Clinical trials are the driving force behind medical progress, offering hope to patients, saving lives through innovative treatments, and propelling the boundaries of scientific knowledge.
The Stem Cell Network sat down with Dr. Bernard Thébaud to discuss his world-first clinical trial, which is using a stem cell therapy to help prevent the development of bronchopulmonary dysplasia (BPD), a chronic lung disease in preterm babies. So far, nine babies have been treated as part of this safety trial, and importantly, the first few babies have been able to go home with their parents – a significant milestone for Dr. Thébaud and his team.
Q: Thanks for taking the time to join us Dr. Thébaud! This is a world-first! What does it feel like to have this trial up and running? What does it mean for the families and the future of the field?
A: Dr. Bernard Thébaud: It’s a dream come true. Research at the lab is interesting, but what is important is to make an impact and a difference for patients, and that’s what we’re trying to do. I would rather never publish another paper and instead work on getting therapies into patients and show that it works. It’s an amazing feeling for our research team, because we have been working toward this moment for 18 years. It didn’t happen overnight. It was a very careful, thoughtful process of doing the studies in the lab to show that cell therapy can potentially protect the neonatal lung, and then also to complete the clinical translation. We were also very deliberate in working with parents in asking them how they would feel about such a clinical trial. And I think each of these pieces combined has led to a great phase one trial, which is focused on testing the feasibility and safety of mesenchymal stromal cells – or MSCs – to promote lung growth.
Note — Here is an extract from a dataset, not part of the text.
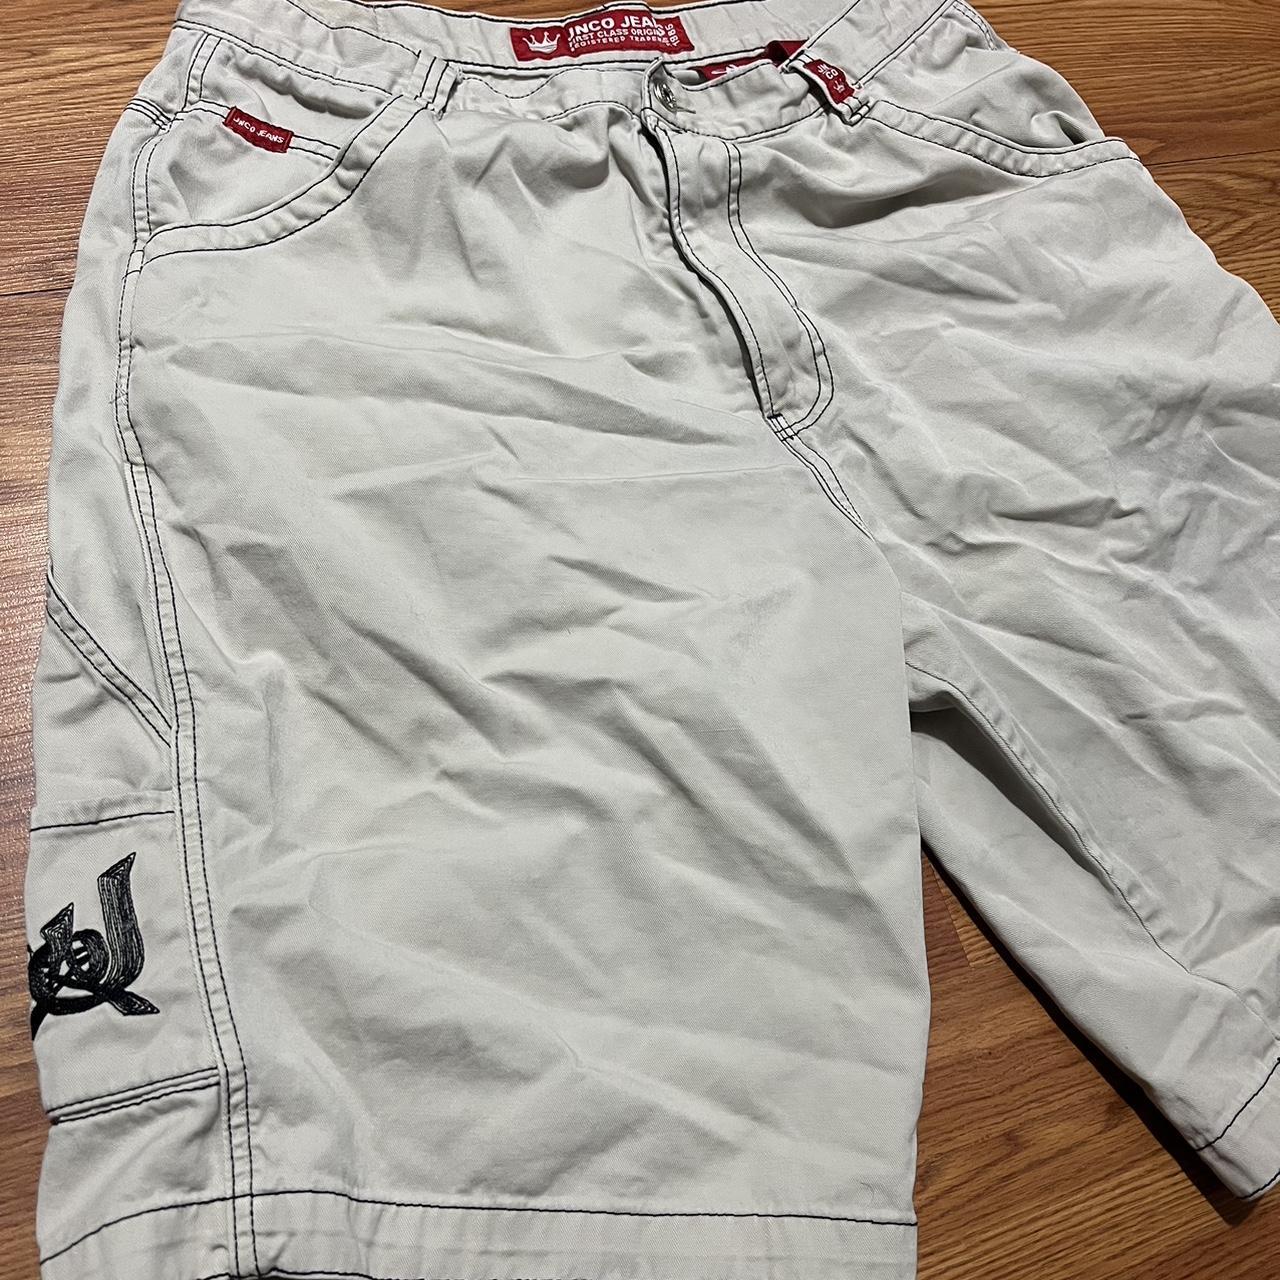 Jnco shorts Embroidered back pocket with spell out... - Depop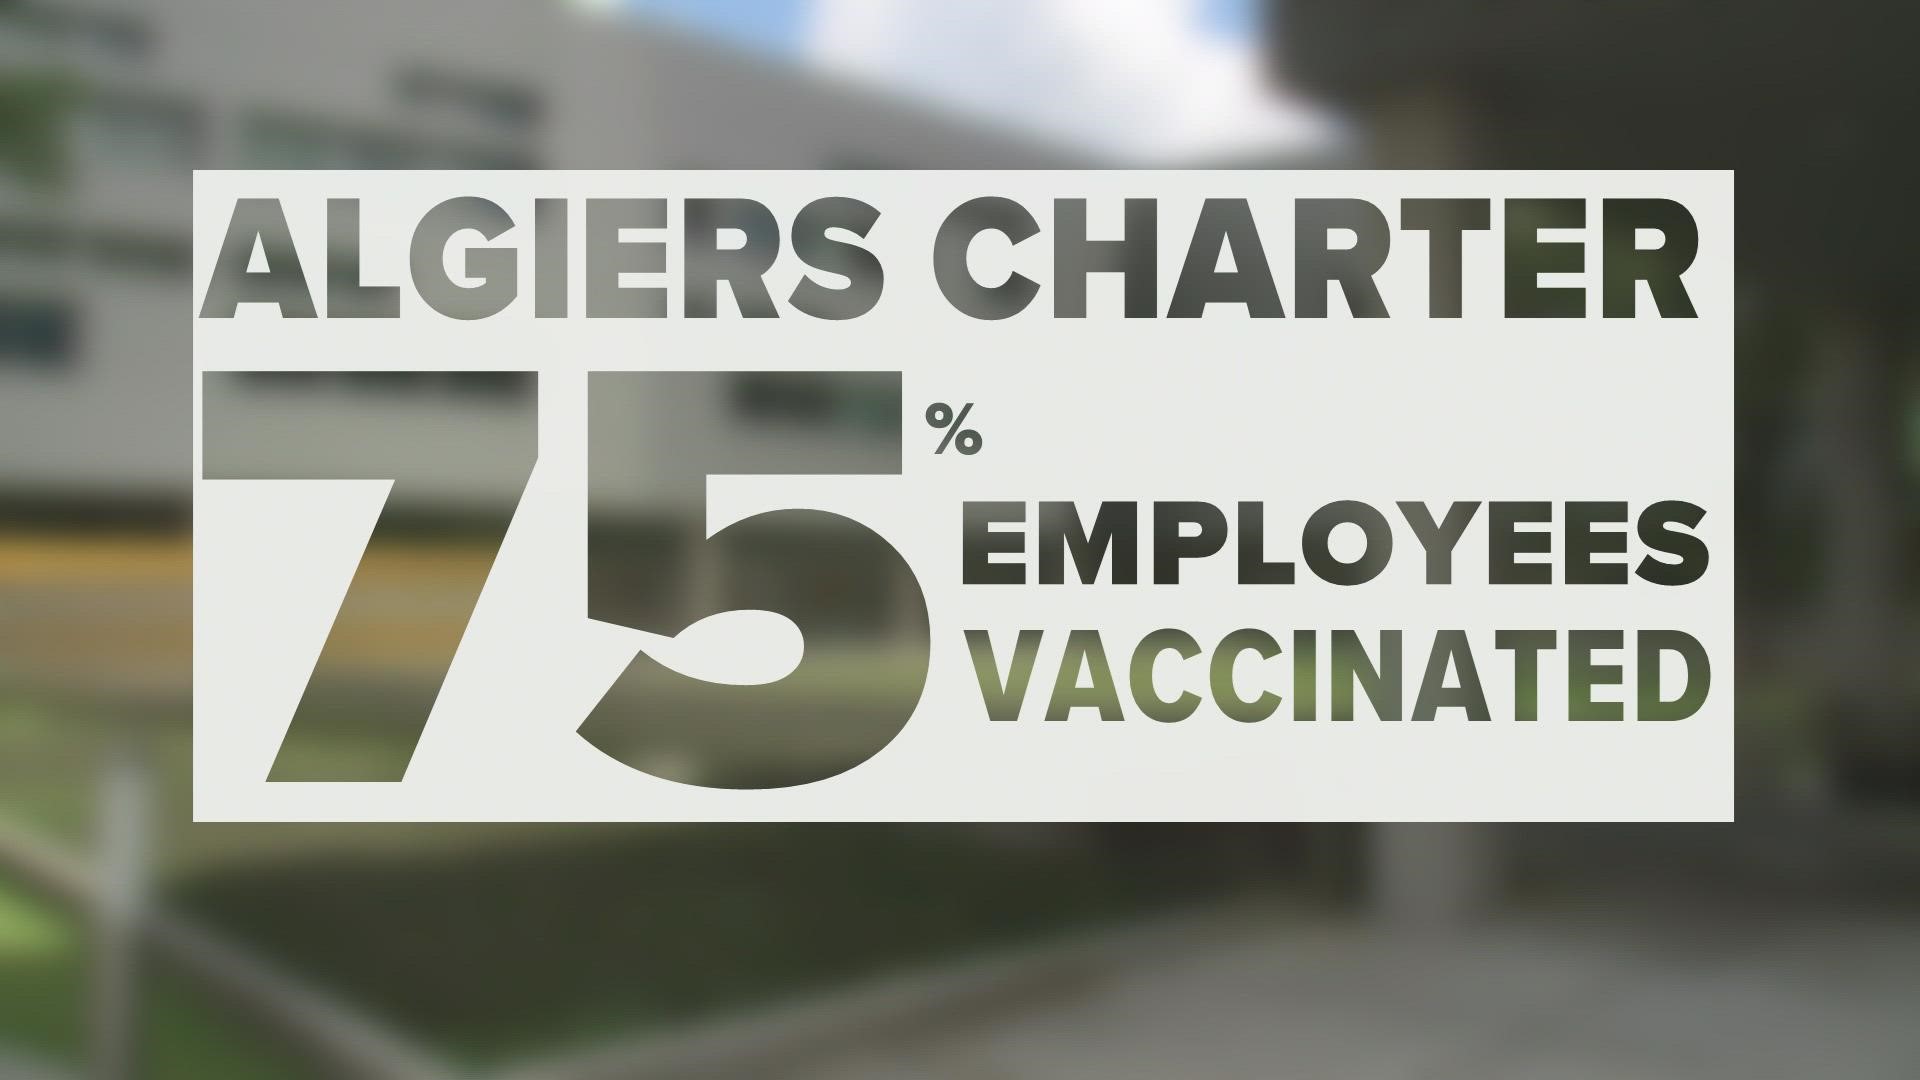 In efforts to keep students and staff safe, Algiers Charter schools are mandating masks and are hoping that more can getthe vaccine.

For families this clinical trial is really important because there’s nothing more important than their newborn, and they are already very stressed when they learn about preterm birth. In neonatology there have been breakthrough therapies over the years, but they are all now 30 years old.
We hope that if we can show the efficacy of these cells and improve the outcomes for preterm babies, that this cell therapy will one day be applied around the world to save the lives of preterm babies. Of course, first we have to show this in a phase 2 clinical trial, and it’s still a long journey. But, so far, the phase 1 clinical trial is very promising.
Q: That’s wonderful news, congratulations on such important progress in your research. Now, to dive a bit deeper, your team is focused on using stem cell therapy to help prevent the development of ‘BPD.’ Tell us a bit about BPD. What is it and how does it affect preterm babies and their development?
A: Dr. Bernard Thébaud: BPD stands for bronchopulmonary dysplasia, and it’s a chronic lung disease in babies born too early. When babies are born too early, before 28 weeks gestation or 12 weeks before their due date, we know that their lungs are still growing – they’re not fully developed and they have trouble taking in oxygen. These babies often need to be mechanically ventilated and assisted with a machine that gives them additional pressure and oxygen. And while this intervention keeps them alive, it also causes some degree of injury.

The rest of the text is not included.